» INSTRUCTIONS TO FOLLOW: Only the pictures are to be left out; return the rest of the data exactly as it stands.

» GIVEN MATERIAL:
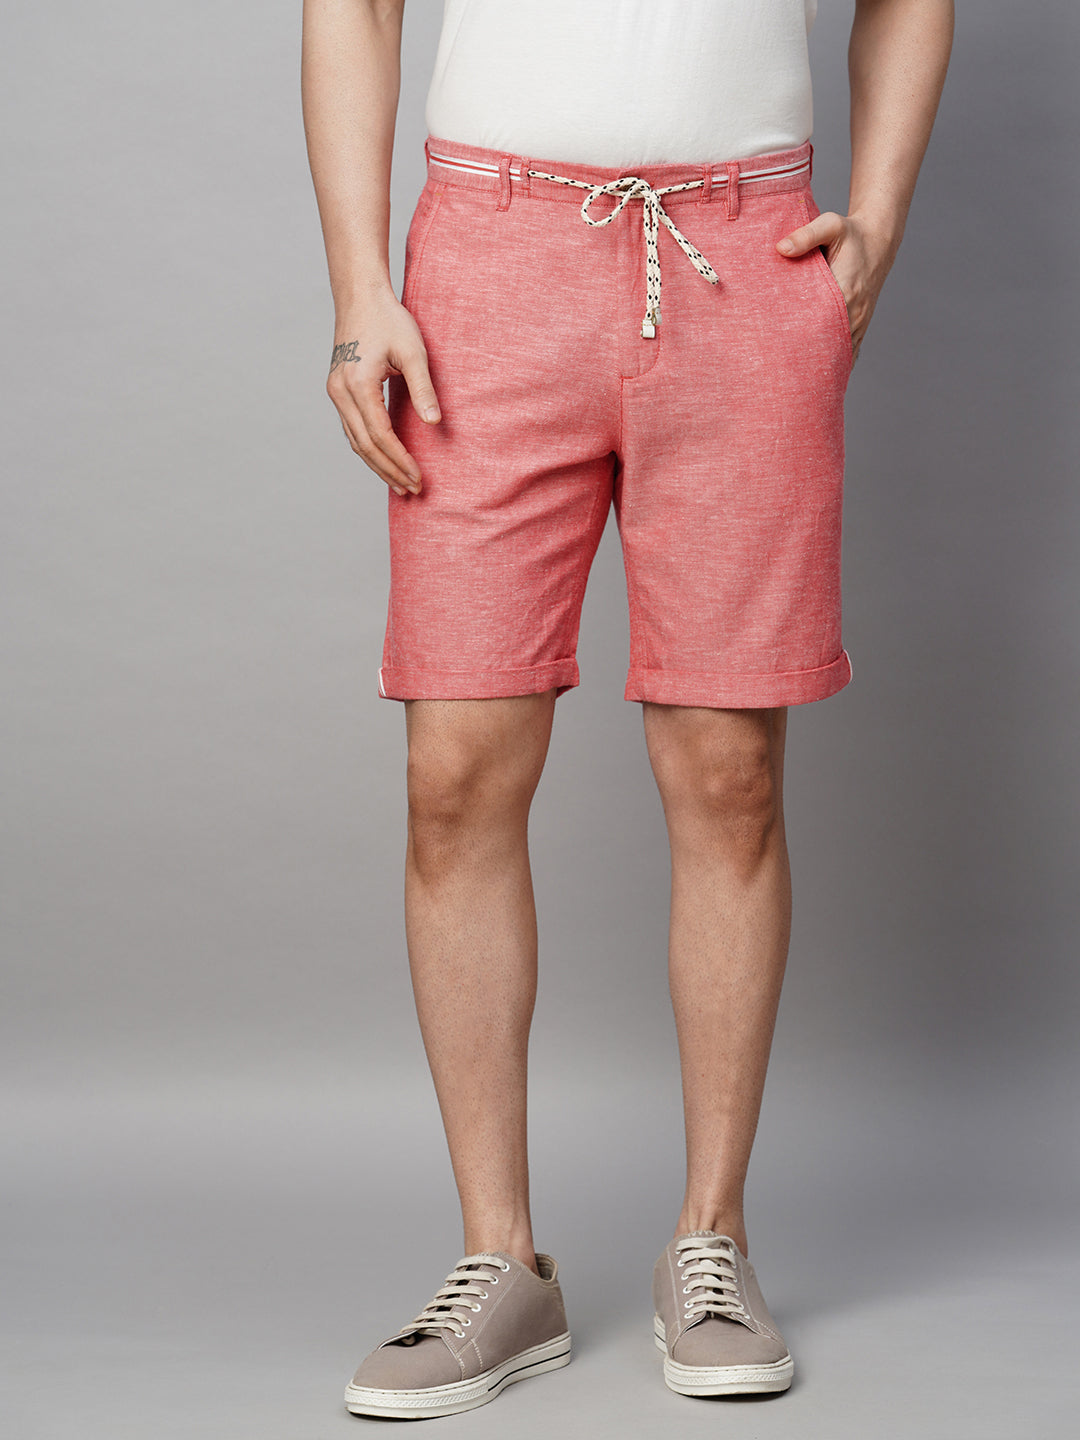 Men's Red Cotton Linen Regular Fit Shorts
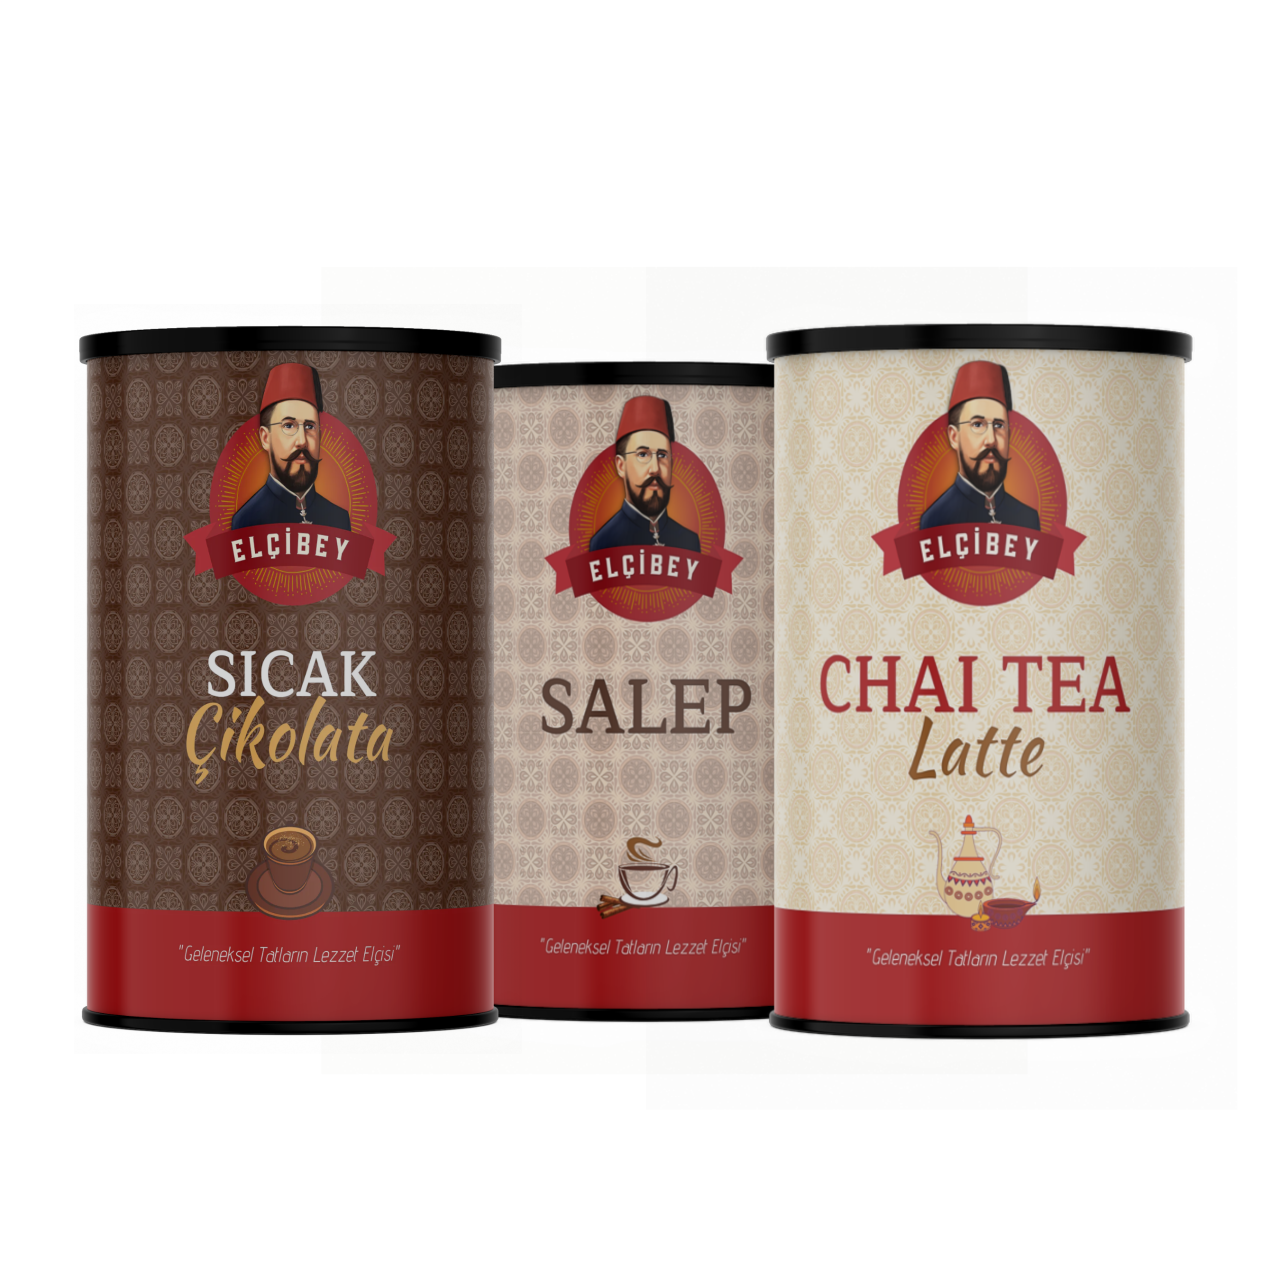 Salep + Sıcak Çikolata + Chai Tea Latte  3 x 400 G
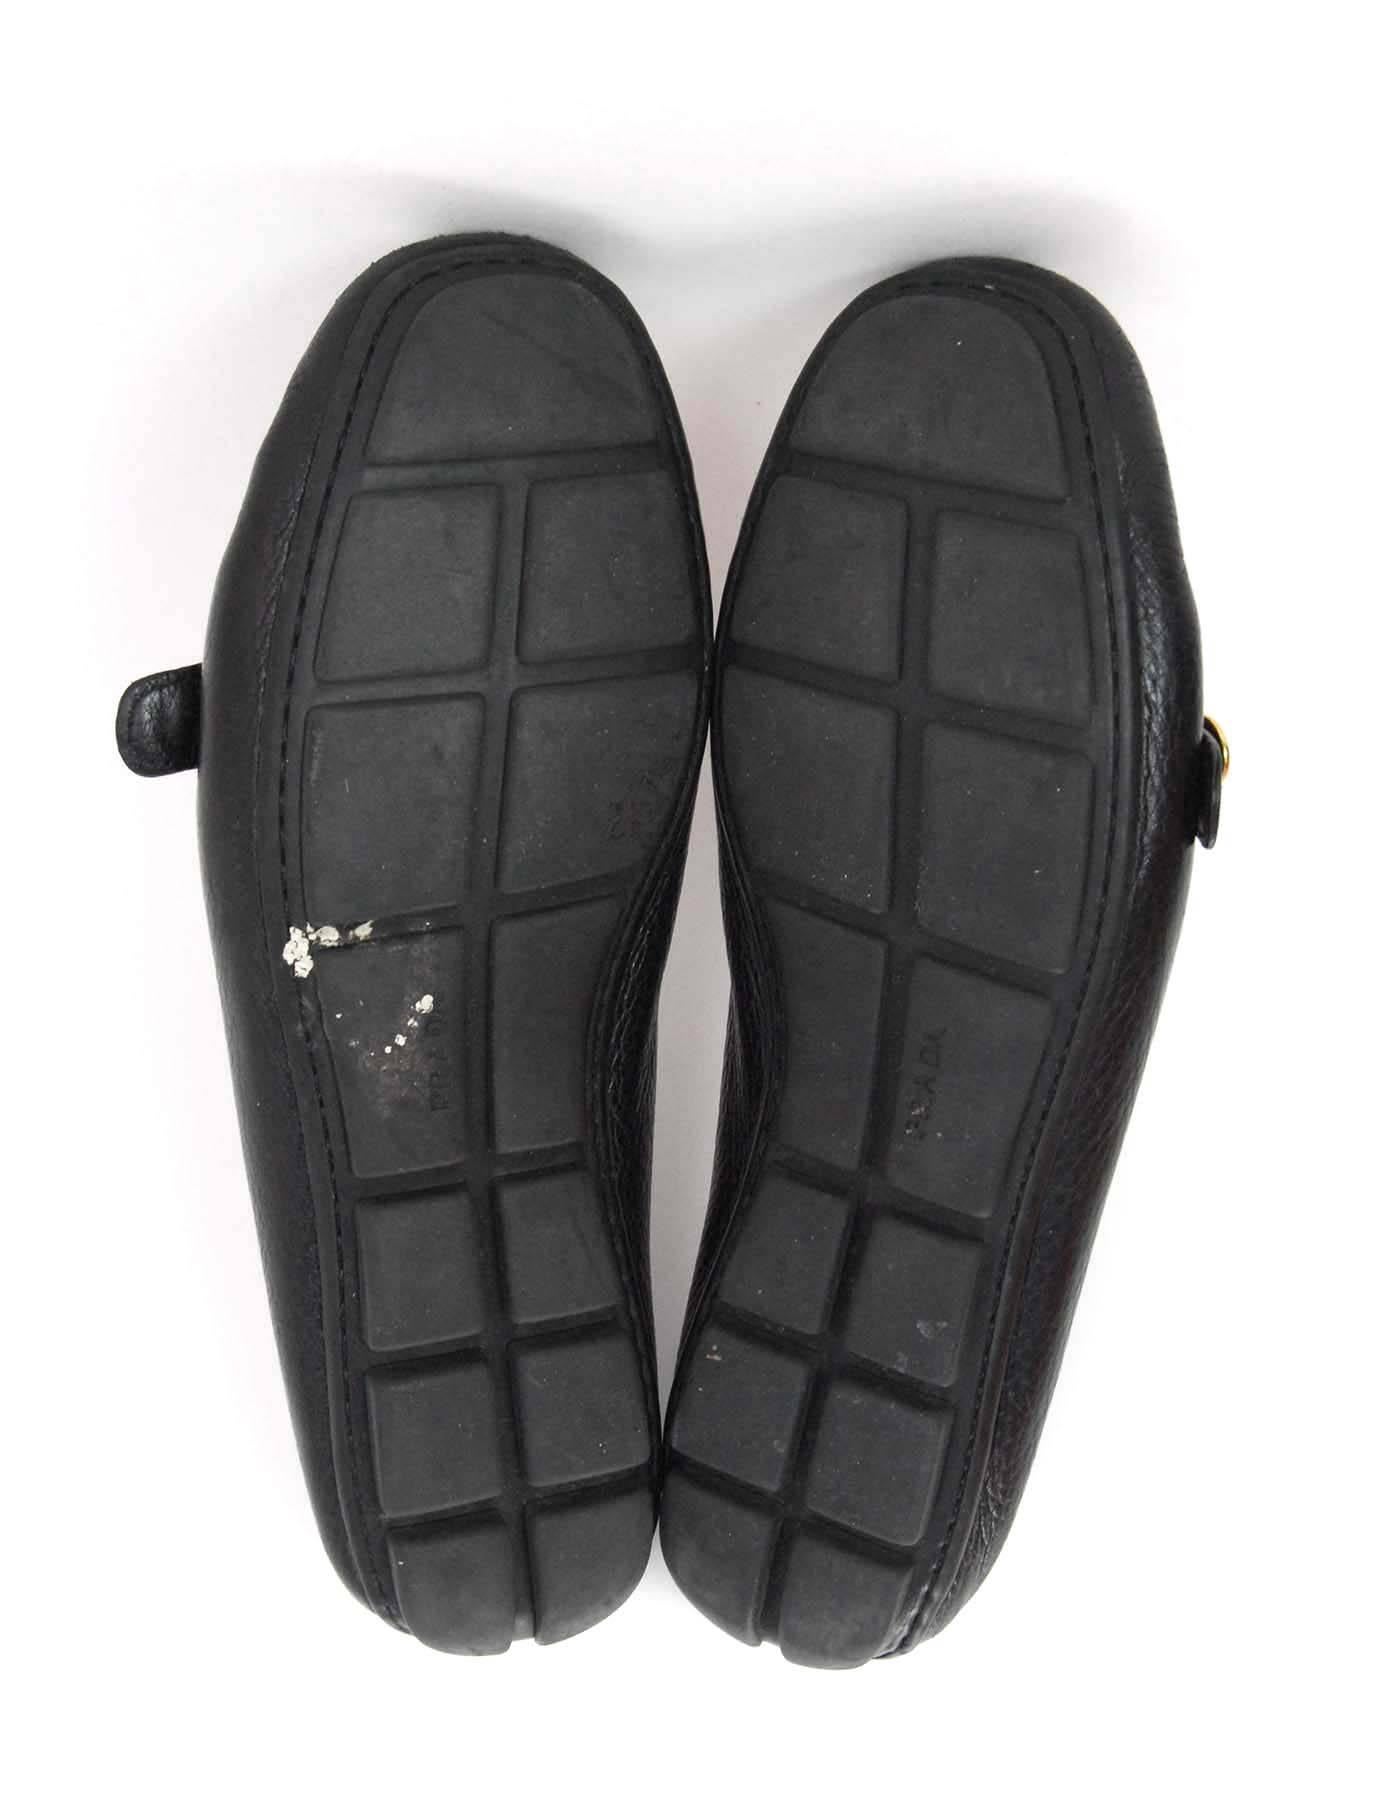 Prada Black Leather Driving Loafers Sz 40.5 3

» WRITTEN RESPONSE:
 Men's Red Cotton Linen Regular Fit Shorts
 Salep + Sıcak Çikolata + Chai Tea Latte  3 x 400 G
 Prada Black Leather Driving Loafers Sz 40.5 3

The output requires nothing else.